Insurance Policy’s Unambiguous Definition of “Insured” Interpreted Under Plain and Ordinary Meaning of Policy Terms
In Hacker v. Shelter Ins., Hacker rented an apartment from Burk. Hacker’s mother fell on a stairway at the apartment building and suffered injuries as a result of Hacker’s negligence. Shelter Insurance furnished Burk with an Apartment Owners/Rental Dwelling Insurance Policy, naming Burk as the only policyholder. Burk’s mother sued Burk and Burk filed a third-party complaint against Hacker. Hacker maintained she was a co-insured under Burk’s policy and tendered her defense to Shelter Insurance. Shelter Insurance declined to defend Hacker.
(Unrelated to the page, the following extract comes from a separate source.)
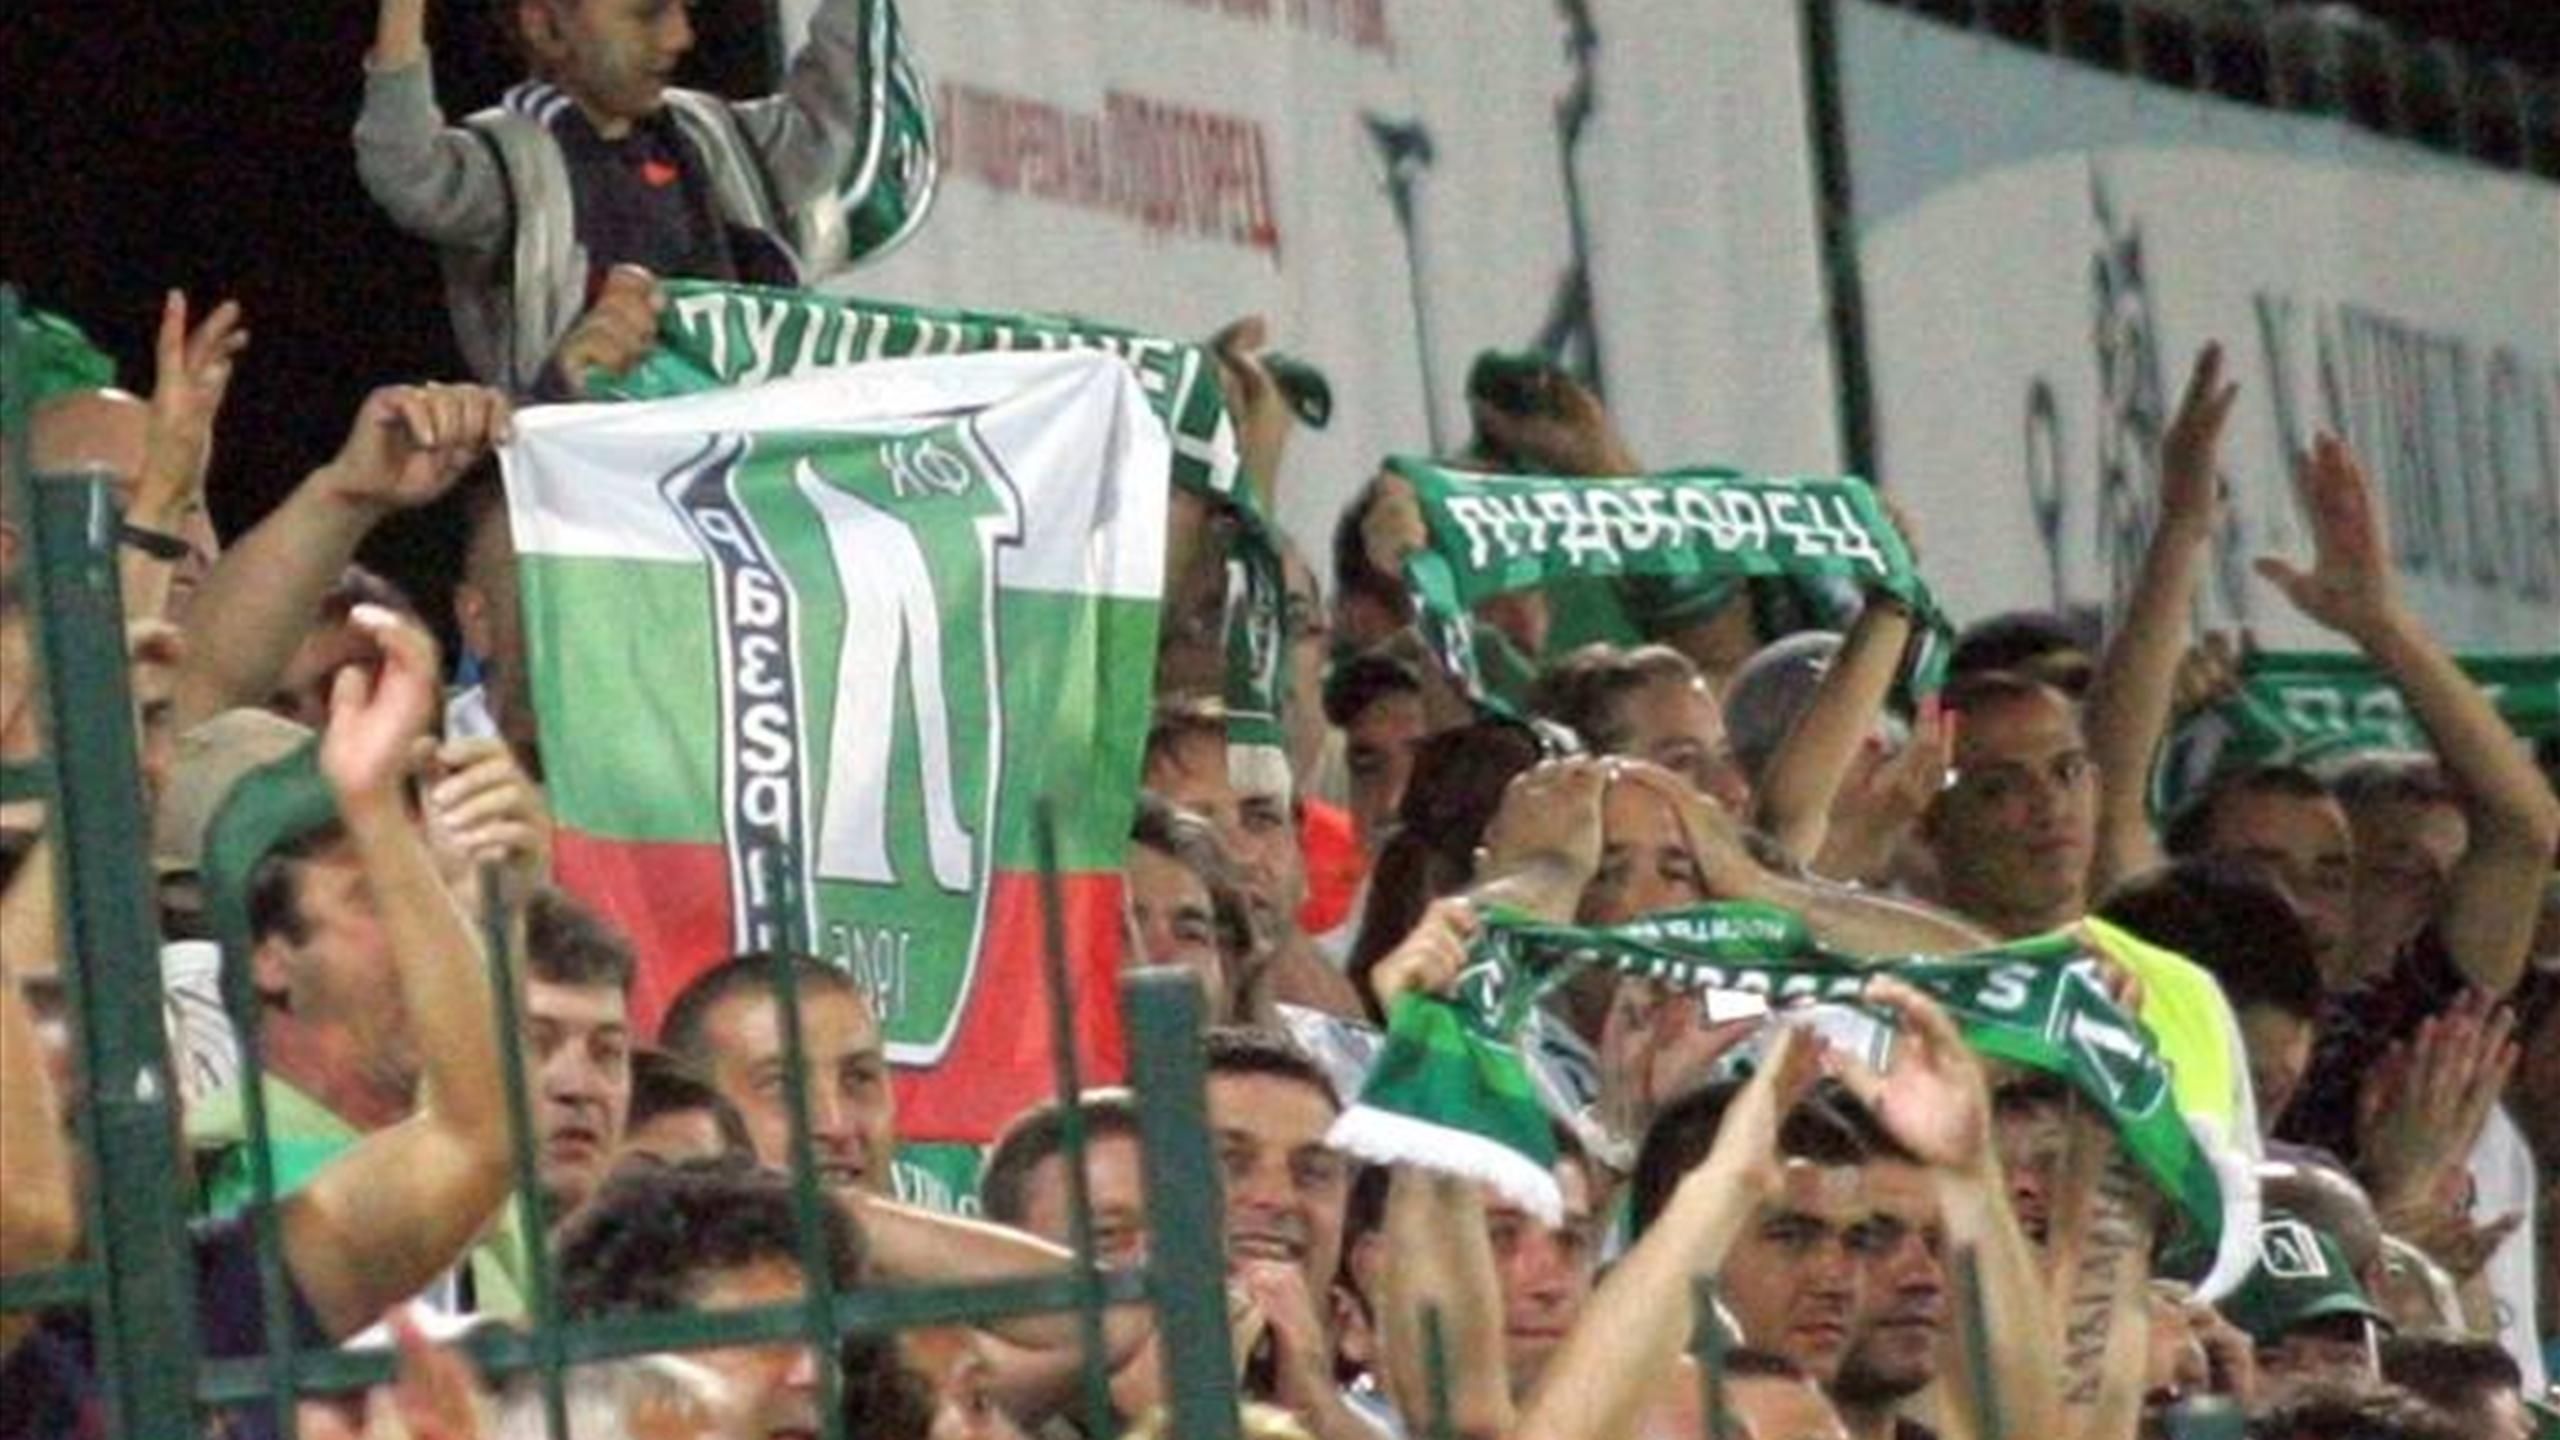 Ludogorets and Levski achieve victories in the European football

The policy defined the term “insured” as the person named on the policy’s declarations page, and also covered the insured’s spouse, any person acting as a real estate manager for the insured, and an employee of the insured acting within the scope of his duties. Hacker maintained that she was an additional insured under Burk’s policy. Shelter Insurance denied that Hacker was an insured under the liability policy since she was not a named insured and did not otherwise qualify as an insured as that term was defined in the policy.
The court found that the policy did not include Burk’s tenants within the definition of “insured.” Accordingly, the court in Hacker v. Shelter Ins. held that there was no ambiguity with respect to Hacker’s coverage under the policy and that she was not an insured under the plain and ordinary meaning of the terms of the policy.
Hacker v. Shelter Ins. Co., 388 Ill.App.3d 386, 902 N.E.2d 188 (Ill.App. 5 Dist., 2009).